Page 149 of Phobia
“I do mind,” I gritted out, still holding Danika in the same spot. “I’ll come to the house when I’m ready.”
“But,” he grinned, “that’s not how our arrangement works, Lazarus. When I call, you run. It’s as simple as that.”
It wasn’t as simple as that and the little fucker knew it. His eyes stayed too long on Danika, tracing over her naked body with a look I didn’t quite appreciate. Judah Blackwood was a sick fuck, too sure in himself and the power his family wielded in this town to back down.
He wanted her last year and he wanted her now, regardless of the sick little relationship he had with his sister. Most of the people in town had no idea that she even existed because their parents kept her separate from all the bullshit that happened here, but we knew. Gabriel and I were the first ones to ask him about it when we saw the similarities between the two. Judah simply grinned and said, “We have to keep it in the family,” and shrugged his shoulders.
In all honesty, it was none of my business who fucked who, and I didn’t care. What I cared about was the fact that he kept staring atmygirl.
“Judah,” I warned, the violent intentions evident in my voice. “I will come back when I want to come back.” I looked at him as the words spilled over my lips. “Don’t forget that I know things you wouldn’t want to come out either.”
His face lost the smug look, turning pale the moment those words came between us.
He thought he had something on me, when, in reality, I couldn’t give a fuck about the fact that he knew my father was dead and not simply missing. I allowed him to think that he controlled me, but the ball was in my court, not in his, and he obviously forgot about that.
“Now, if you don’t mind,” I pointed out. “We’re busy and I don’t exactly want to have any spectators.”
Danika giggled in my arms, hiding her face from Judah. And just like the petulant man-child that he was, he stomped his feet and turned around, disappearing from our view. I would deal with him later, but now… now, I had more important business to attend to.
Chapter 12
Every single muscle in my body ached. Hell, even my eyeballs were sore, and I was pretty sure that we did nothing with them.
The star-covered sky loomed above us as we lay in the darkness, our clothes scattered around us, both of us still trying to catch our breath after the third round of mind-blowing sex. My heart was branded with his name, my skin with his scent, and while he held my hand in his, his thumb slowly creating circles on the top of my hand, something I had never felt before settled deep inside my bones.
Peace.
I finally felt at peace.
“You know…” I broke the comfortable silence first. “When I was a child, I would lie on the grass behind my house, looking at the sky and imagining what it would feel like to be free. Completely and utterly free.” I lifted myself up on one elbow and looked down at him, at the mark I left on his chest. “And every time a teacher would ask us what we wanted to be when we grew up, I said that I wanted to be a bird.”
“A bird?” He chuckled. “Because you felt caged.” It wasn’t a question, but a statement, and it amazed me how well he understood what I was trying to say.
“I had no idea I was caged until last year. Until you opened my eyes.”
“I had a very small part in that, baby. You were already well on your way on your own. I just sped up the process.”
“I know.” I nodded. “But still. My mother lied to me. My father… Hell, I don’t even know where he is anymore, but he left me—with her. She could never understand me and everything I was capable of.”
He simply listened as I spoke, telling him about my childhood, the screaming, the tears, the days and nights when I wanted to simply disappear because I couldn’t fit in with anyone after that accident, and I couldn’t understand what was wrong with me.

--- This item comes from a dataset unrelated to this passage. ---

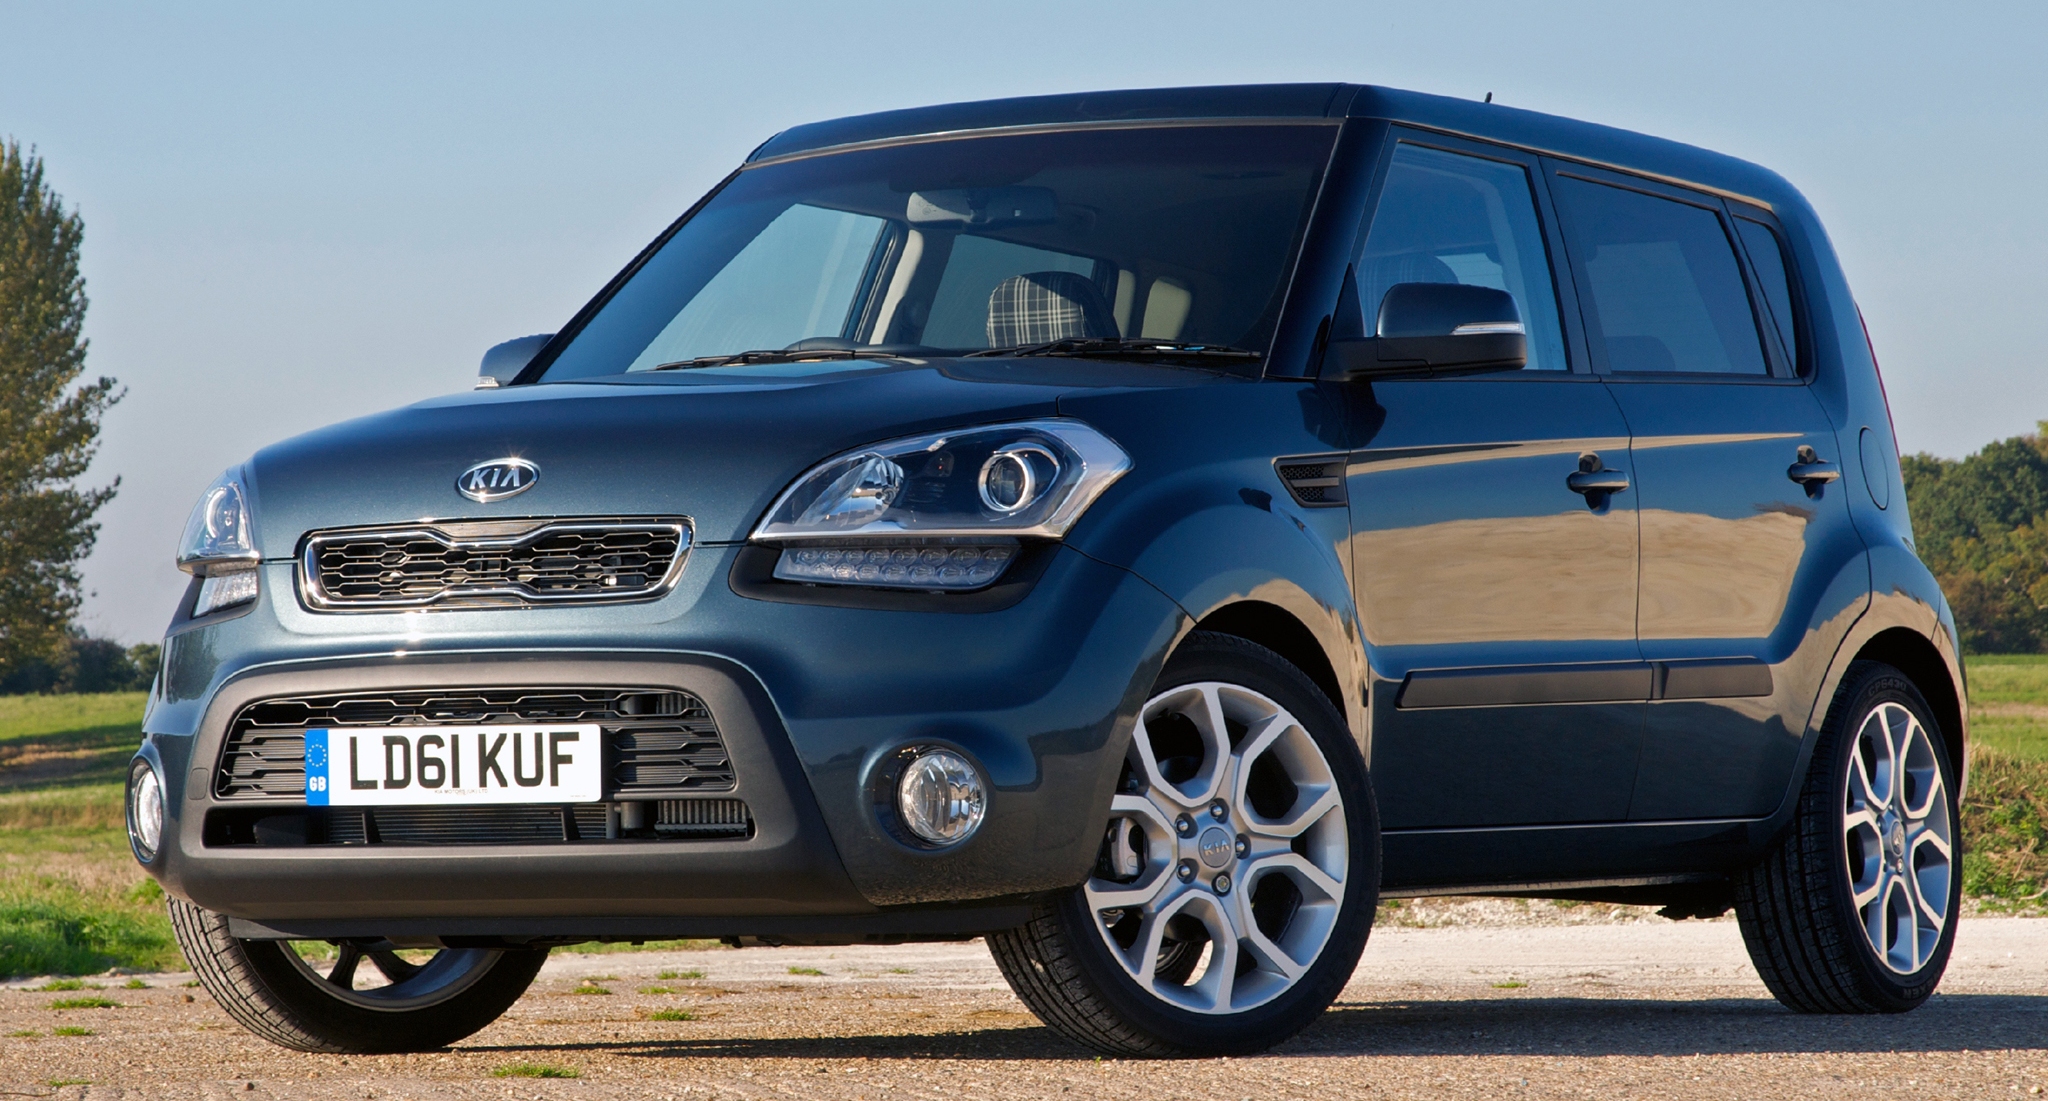 electric kia soul confirmed for mid 2014

It wasn’t as if I could go to high school somewhere else, in some other town. My mother refused to move even after I begged her, telling her about the kids making fun of me in school and mocking my memory loss.

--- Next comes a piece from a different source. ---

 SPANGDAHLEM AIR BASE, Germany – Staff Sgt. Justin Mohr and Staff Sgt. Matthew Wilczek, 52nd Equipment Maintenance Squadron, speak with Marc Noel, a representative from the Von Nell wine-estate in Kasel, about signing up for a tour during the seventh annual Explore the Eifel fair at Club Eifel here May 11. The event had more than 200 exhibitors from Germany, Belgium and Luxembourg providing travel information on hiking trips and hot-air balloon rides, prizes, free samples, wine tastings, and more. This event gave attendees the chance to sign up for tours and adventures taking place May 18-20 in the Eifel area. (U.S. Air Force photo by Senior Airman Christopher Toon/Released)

The ones that knew me before the accident steered clear of me, remembering the Danika I used to be.
Everyone would always tell you that they were a good child, a calm child, well-mannered and well behaved, but I wasn’t. I didn’t care about them as individuals—I cared about their insides. I wondered what their blood looked like. I wanted to know if it was bright red like they showed in the movies, or dark like this very night. I wondered what their hearts looked like when they slowed down, and if they would continue beating in the same way when they gasped for breath.
I knew that society regarded me as a monster, and maybe I was one. But I was simply a curious child that couldn’t find support in anyone. My parents feared me. My teachers feared me. My peers stayed away from me after I asked Marissa Delaney if her blood tasted sweet or bitter after she cut herself on the swing, right on top of her forefinger.

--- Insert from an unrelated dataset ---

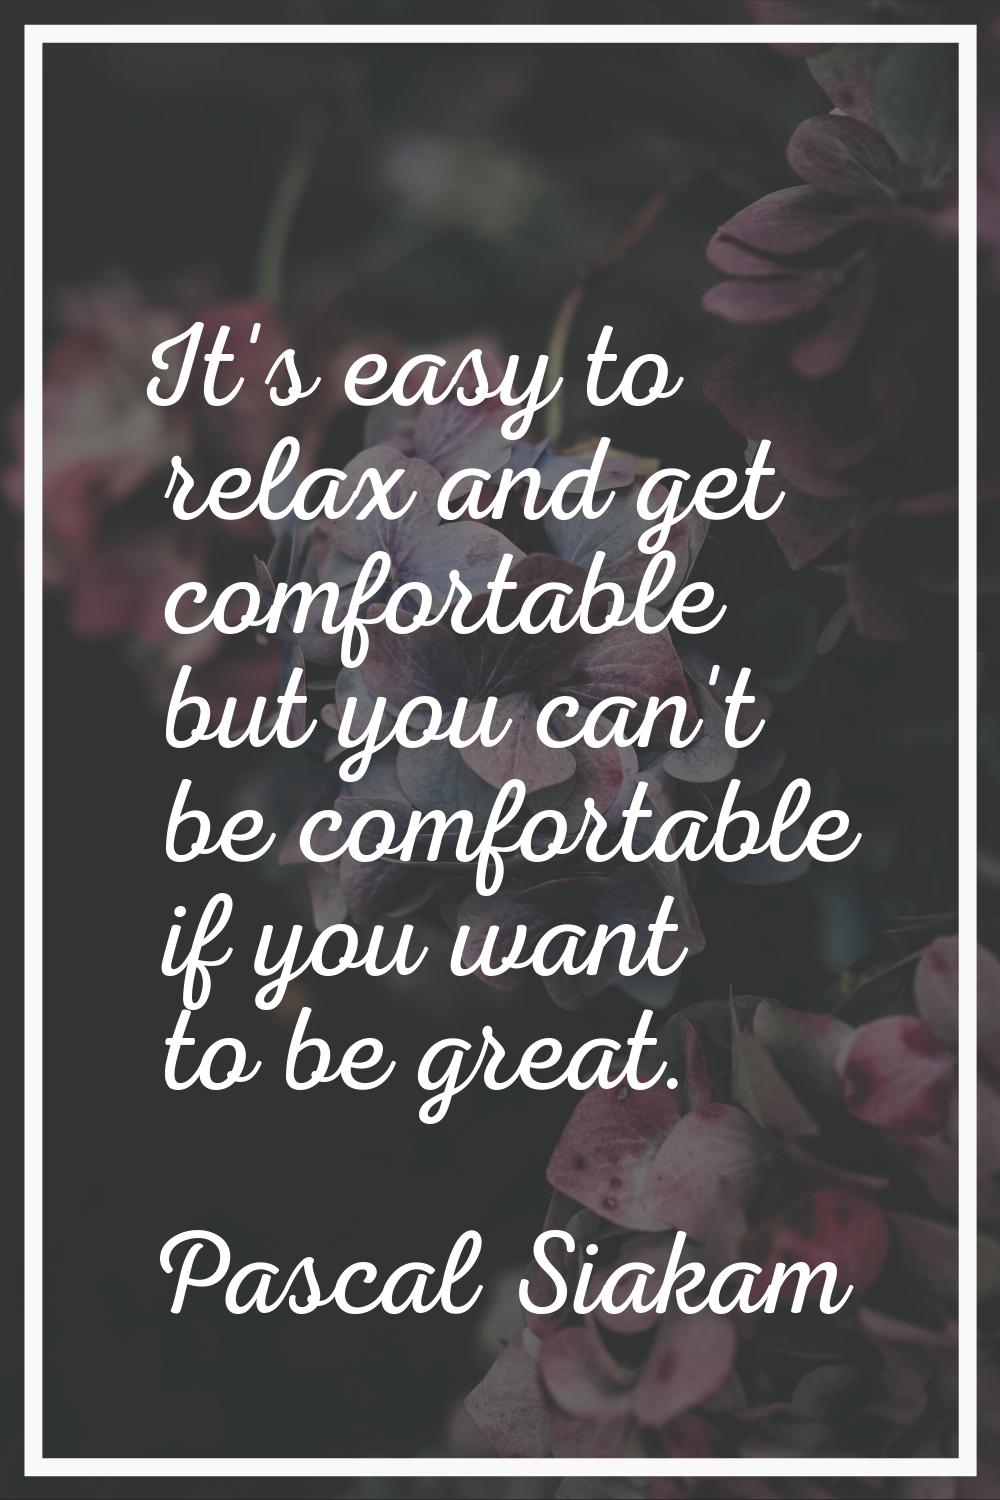 It's easy to relax and get comfortable but you can't be comfortable if you want to be great.

They ran from me, screaming and crying for the teacher, when I asked her a very simple question. It wasn’t as if I was the one who cut her.
But that day was the first time I saw fear in my mother’s eyes. That day was the trigger for countless visits to psychiatrists and weird communes that dealt with people like me. As if they needed to deal with people like me.
They just had to let us go.
“I found your old folder in my father’s study,” Lazarus said, turning toward me.
“And?” I smiled, tracing my finger over the stubble on his cheek. “Was I a monster there too?”